Timeseries modelling

Table of Contents

Autoregressive (AR)

Idea

Output variable depends linearly on its own previous values and on a stochastic term (accounting for the variance in the data).

Model

AR(p) refers to autoregressive model of order p, and is written

\begin{equation*}
X_t = c + \overset{p}{\underset{i=1}{\sum}} \varphi_i X_{t - i} + \varepsilon_i
\end{equation*}
1

where

  • $\varphi_1, \dots, \varphi_p$ are parameters
  • $c$ is a constant
  • $\varepsilon_t$ is white noise (Gaussian rv.), i.e. $\varepsilon_t \sim \mathcal{N}(0, \sigma^2)$

The unknowns are:

  • constant $c$
  • the weights / dependence $\varphi_i$ of the previous observations
  • the variance of the white noise $\sigma^2$

Estimating the parameters

  • Ordinary Least Squares (OLS)
  • Method of moments (through Yule-Walker equations)
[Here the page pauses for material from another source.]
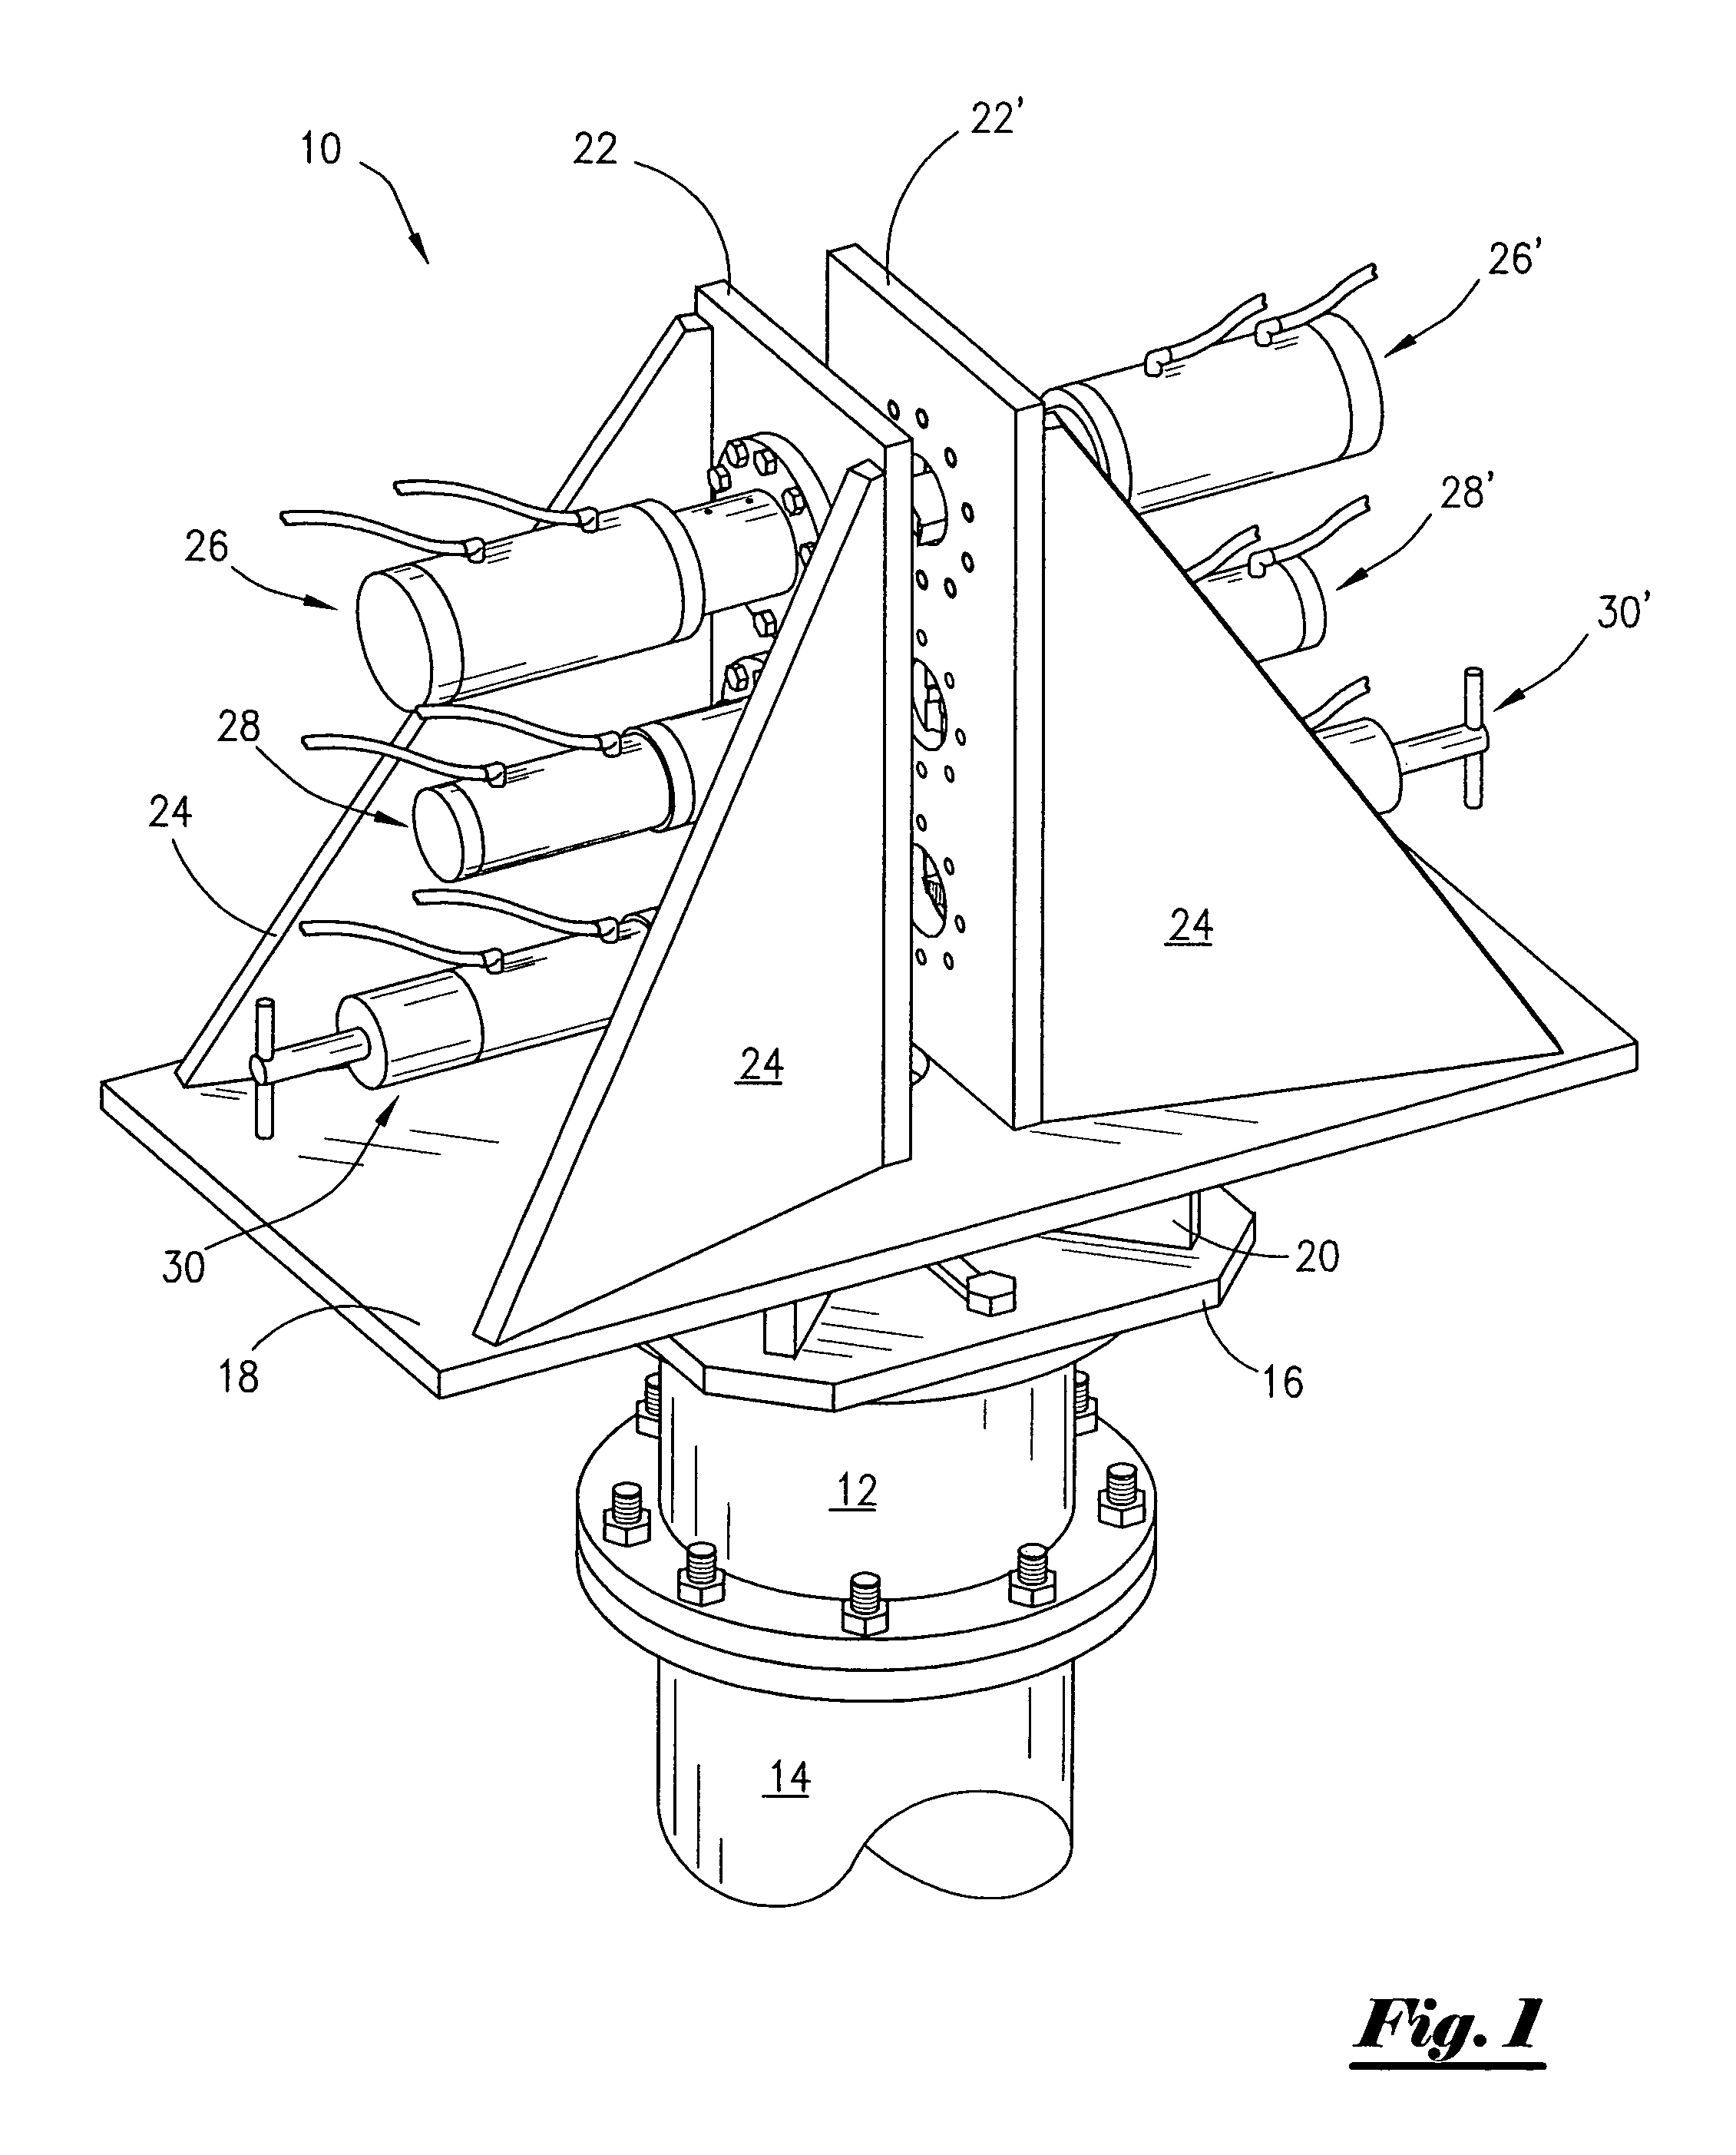 Apparatus and method for extracting a tubular string from a bore hole

There is a direct correspondance between the parameters $\varphi_i$ and the covariance of the process, and this can be "inverted" to determine the parameters from the autocorrelation function itself.

Yule-Walker equations

\begin{equation*}
\gamma_m = \overset{p}{\underset{k=1}{\sum}} \varphi_k \gamma_{m - k} + \sigma_{\varepsilon}^2 \delta_{m, 0}
\end{equation*}
2

where

  • $\varphi_m$ is the autocovariance function of $X_t$
  • $\sigma_\varepsilon$ is the std. dev. of the input noise process
  • $\delta_{m,0}$ is the Kroenecker delta function, which is only non-zero when $m = 0$

Now, if we only consider $m > 0$, we can ignore the last term, and can simply write the above in matrix form:

My thinking

Our plan is as follows:

  1. Consider each sequence of $p$ steps (the order of the AR)
  2. Deduce distribution for $X_t$ conditioned on the parameters of the model and the $p$ previous observations, $X_{t - p}, \dots, X_{t - 1}$.
  3. Obtain conditional log-likelihood function for this conditional distribution
  4. Get gradient of said conditional log-likelihood function
  5. Maximize said conditional log-likelihood wrt. parameters $c, \sigma, \varphi_1, \dots, \varphi_p$
  6. ???
  7. PROFIT!!!
Initial observation sequence

We start by collecting the first $p$ observations in a the sample $(X_1, ..., X_p)$, writing it as $X_{1:p}$, which as a mean vector $\mathbf{\mu}$ where

\begin{equation*}
\mu_k = \frac{c}{1 - \overset{p}{\underset{i=1}{\sum}} \varphi_i}, \quad \forall k = 1, ..., p
\end{equation*}
3

Why? Well, we start out with the taking the expectation of $X_p$ wrt. the random variables, i.e. $X_t$:

    \begin{equation*}
    E[X_{p}] = E[c + \overset{p}{\underset{k=1}{\sum}} \varphi_i X_{p - i} + \varepsilon_{p}]
\end{equation*}
4

Then we start expanding:

    \begin{equation*}	
    \begin{split}
    E[X_p] &= E[c] + E[\overset{p}{\underset{k=1}{\sum}} \varphi_i X_{p - i}] + E[\varepsilon_p] \\
    &= c + \overset{p}{\underset{k=1}{\sum}} \varphi_i E[X_{p - i}] + 0, \quad E[\varepsilon_p] = 0 \\
    &= c + \overset{p}{\underset{k=1}{\sum}} \varphi_i \mu \\
    &= c + \mu \overset{p}{\underset{k=1}{\sum}}
    \end{split}
\end{equation*}
5

And since $E[X_p] = \mu$, we rearrange to end up with:

    \begin{equation*}
    \mu = \frac{c}{1 -	\overset{p}{\underset{k=1}{\sum}} \varphi_i}
\end{equation*}
6

Voilá!

and the variance-covariance matrix is given by

\begin{equation*}
\sigma^2 \Sigma = {\begin{bmatrix}\gamma _{0}&\gamma _{{1}}&\gamma _{{2}}&\dots &\gamma_{p - 1} \\ \gamma _{1}&\gamma _{0}&\gamma _{{1}}&\dots &\gamma_{p - 2} \\\gamma _{2}&\gamma _{{1}}&\gamma _{{0}}&\dots &\gamma_{p - 3} \\\vdots &\vdots &\vdots &\vdots &\vdots \\\gamma _{{p-1}}&\gamma _{{p-2}}&\gamma _{{p-3}}&\dots &\gamma_0 \\\end{bmatrix}}
\end{equation*}
7

where $\gamma_\tau = Cov(\tau) = Cov(|s - t|) = Cov(s, t)$ for two different steps $s$ and $t$. This is due to the process being weak-sense stationary.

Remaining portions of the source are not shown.